Тут я понял, к своему ужасу, что так и не застегнул штаны, а следовательно, обращался к Деве Марии в совершенно непотребном виде. Я быстро привел себя в порядок и произнес еще три молитвы, прежде чем ощупью добрался до лестницы и спустился на первый этаж.
Подхватив золотую тарелочку с частоколом восковых свечей, я достал зажигалку и быстро поджег каждый фитиль. С таким источником света в руках я подошел к двери Хижины Отшельника и выглянул наружу. Да, луна действительно сияла в небе, я хорошо видел ее, стоя на крыльце, но болото выглядело абсолютно черным, и я представил, что, как только оттолкнусь от берега и окажусь в непроглядной тьме туннеля из зарослей, луна мне, скорее всего, не поможет.
Разумеется, у меня не было при себе ни фонаря, ни лампы. Я ведь не планировал здесь задерживаться! Если бы кто-то спросил, намерен ли я заночевать на острове Сладкого Дьявола, я бы ответил, что это сущее безумие.

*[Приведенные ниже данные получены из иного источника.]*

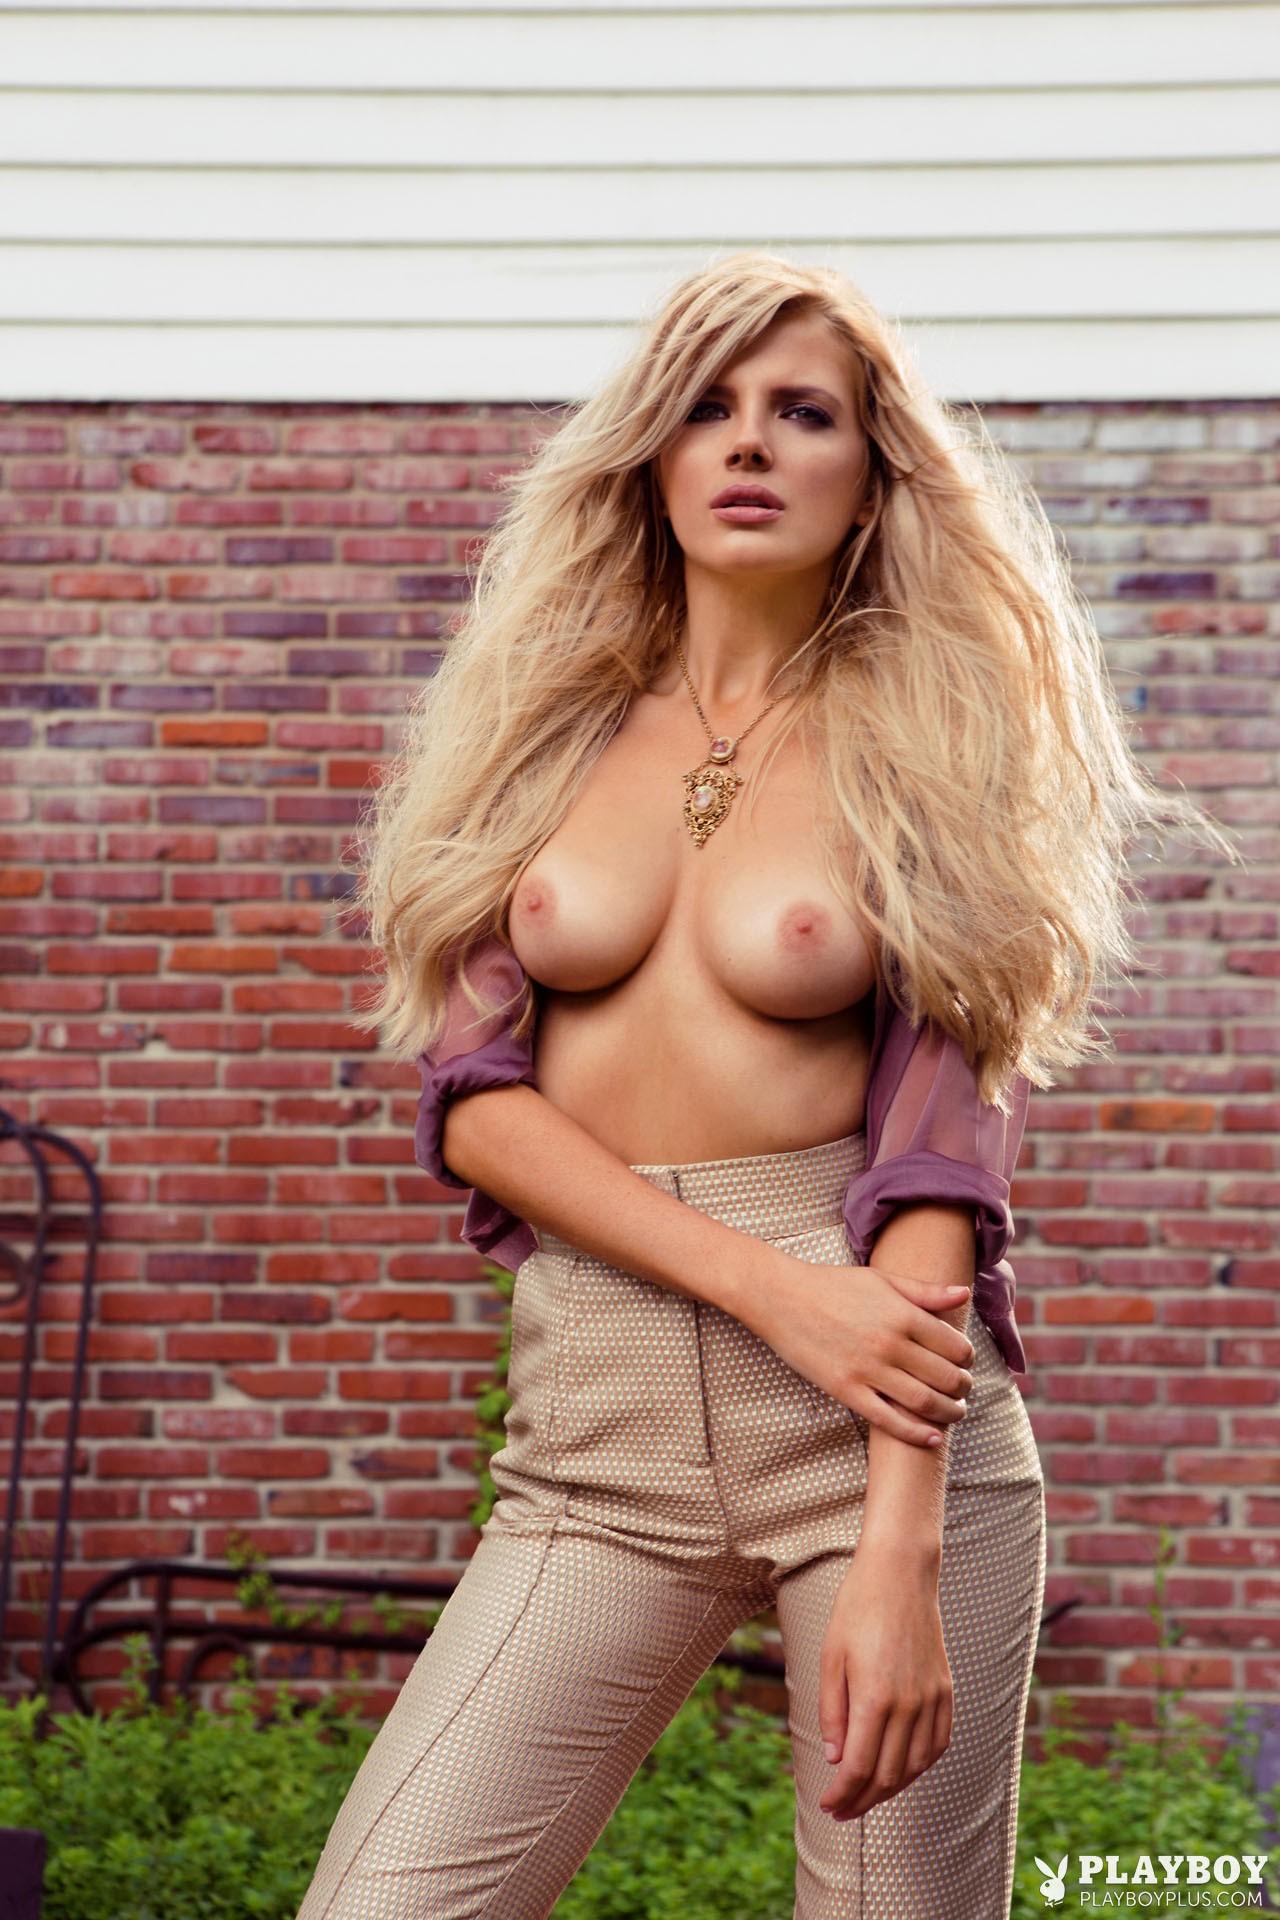 Playboy stephanie branton nude

«Вот погодите, я все здесь переделаю, – вслух произнес я. – Велю везде провести электричество, как следует застеклить окна. Может быть, даже прикажу навесить ставни. А дощатые полы будут покрыты мраморной плиткой, которой не страшна никакая болотная сырость. Это будет небольшой дворец в римском стиле, я закажу еще более затейливую мебель и печь – обязательно поставлю новую печь. И тогда, если придется здесь задержаться, можно будет поспать на кушетке, на роскошных подушках или почитать при хорошем освещении какую-нибудь книгу из обширной библиотеки».
Я четко представил себе этот преображенный дом, но в том, что я видел, не нашлось места для Ревекки. Ее страшная смерть как будто была стерта из истории дома.
Ну а что сейчас? А сейчас я застрял в этом бревенчатом срубе посреди проклятых джунглей!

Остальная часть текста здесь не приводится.